Data excerpt —
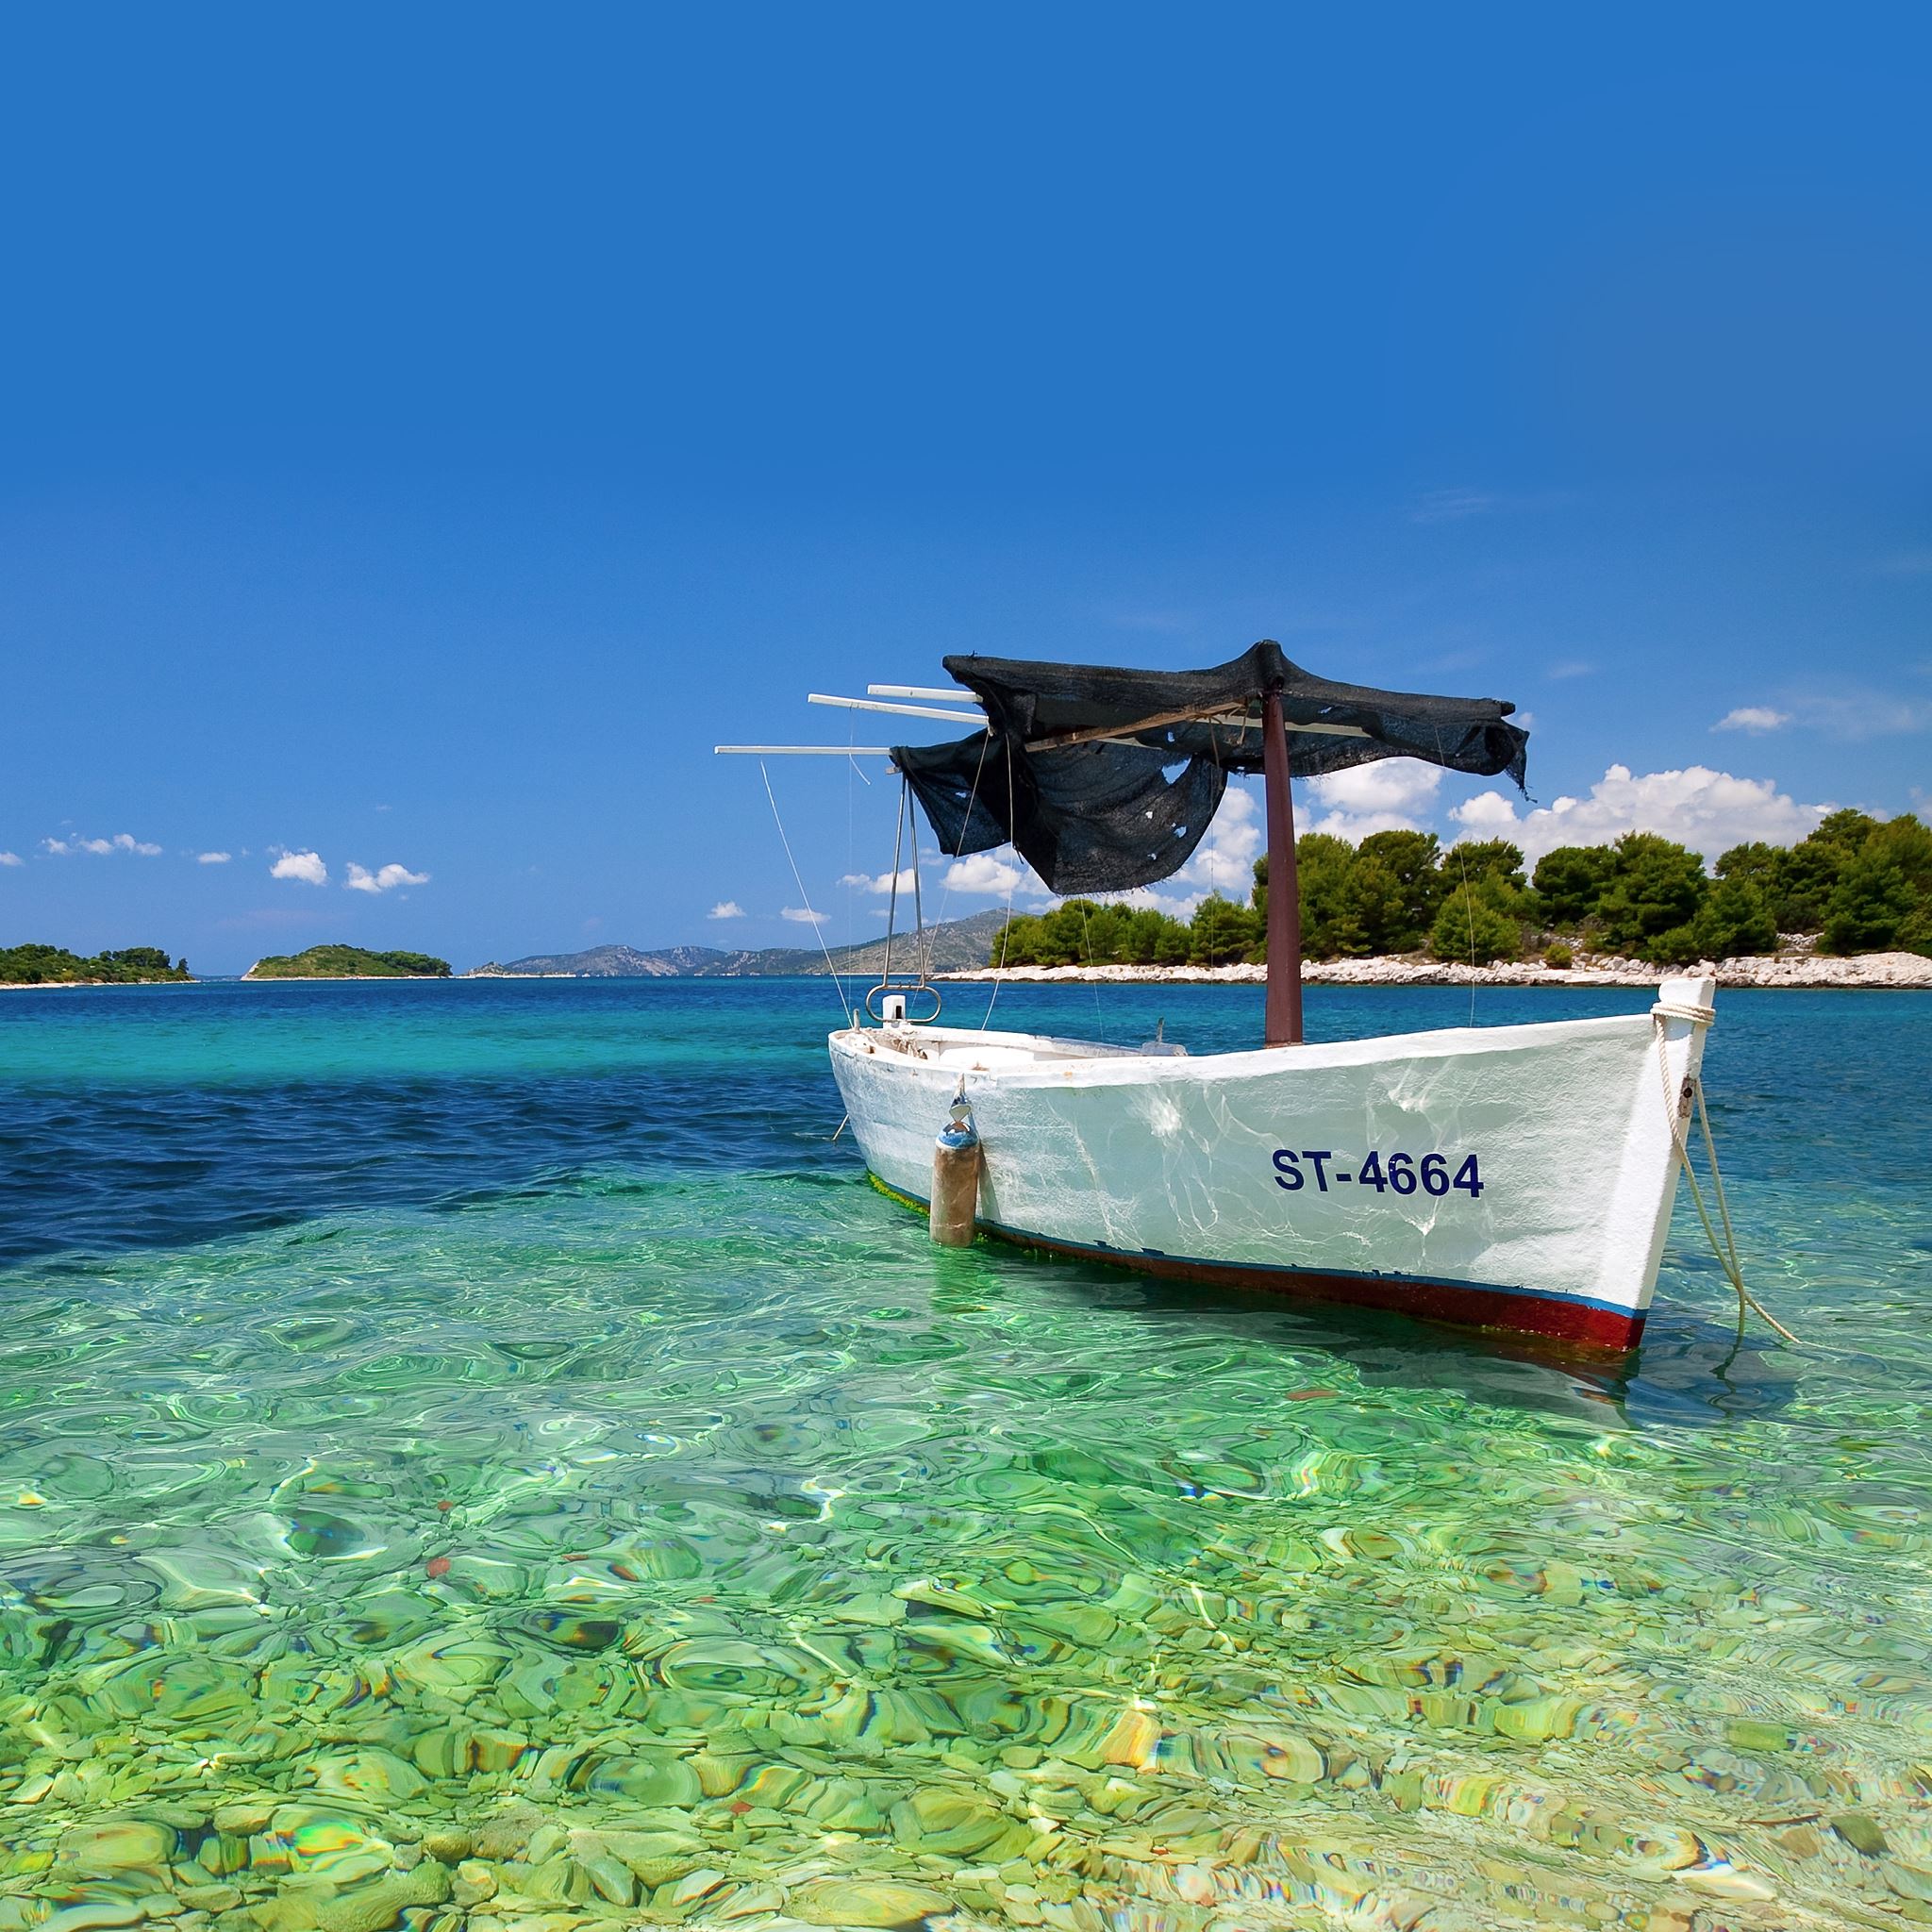 Croatian Boat iPad Air wallpaper 
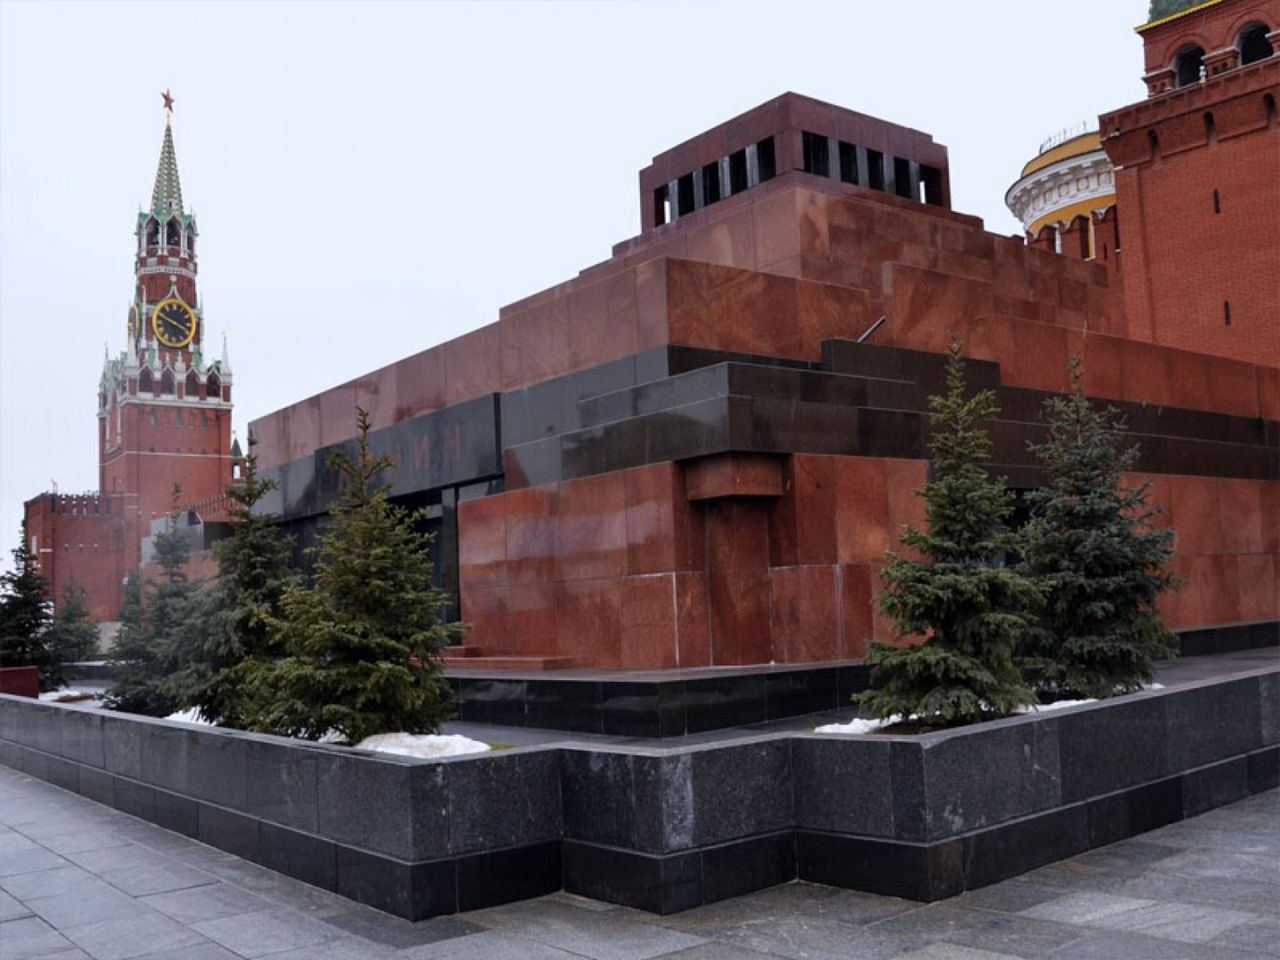 Мавзолей: загадки кремлевского некрополя | Цена 4500₽, отзывы, описание экскурсии
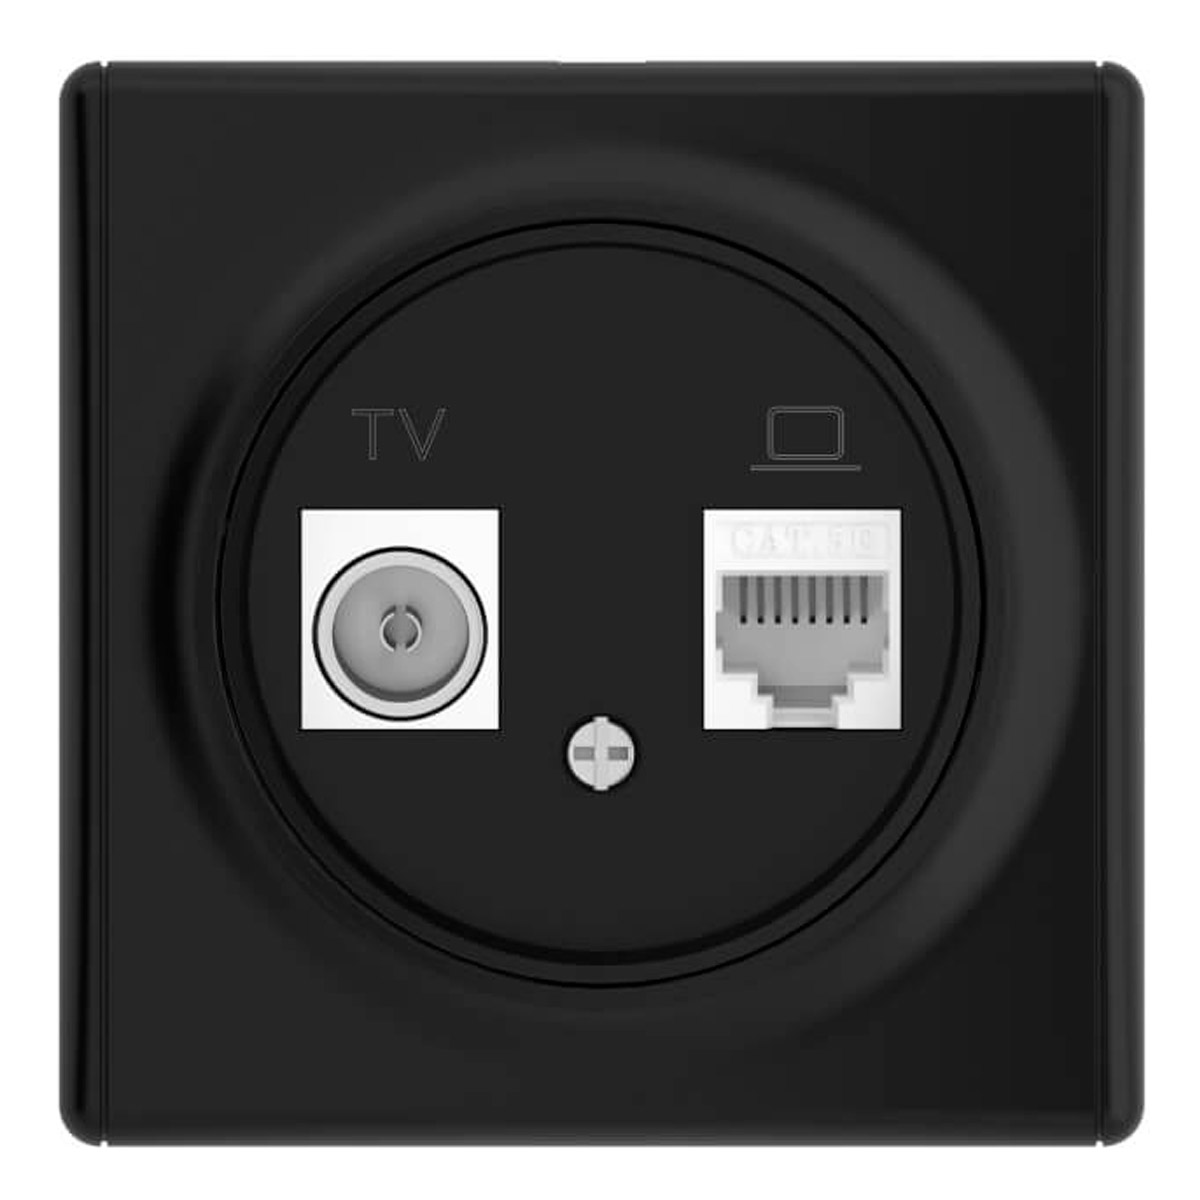 Розетка двойная антенна/компьютер OneKeyElectro Florence TV/RJ45 кат.5e 1E20811303, чёрный

What is expected — Drop the pictures and reproduce the rest of the data above exactly.

Result of the task —
 Croatian Boat iPad Air wallpaper 
 Мавзолей: загадки кремлевского некрополя | Цена 4500₽, отзывы, описание экскурсии
 Розетка двойная антенна/компьютер OneKeyElectro Florence TV/RJ45 кат.5e 1E20811303, чёрный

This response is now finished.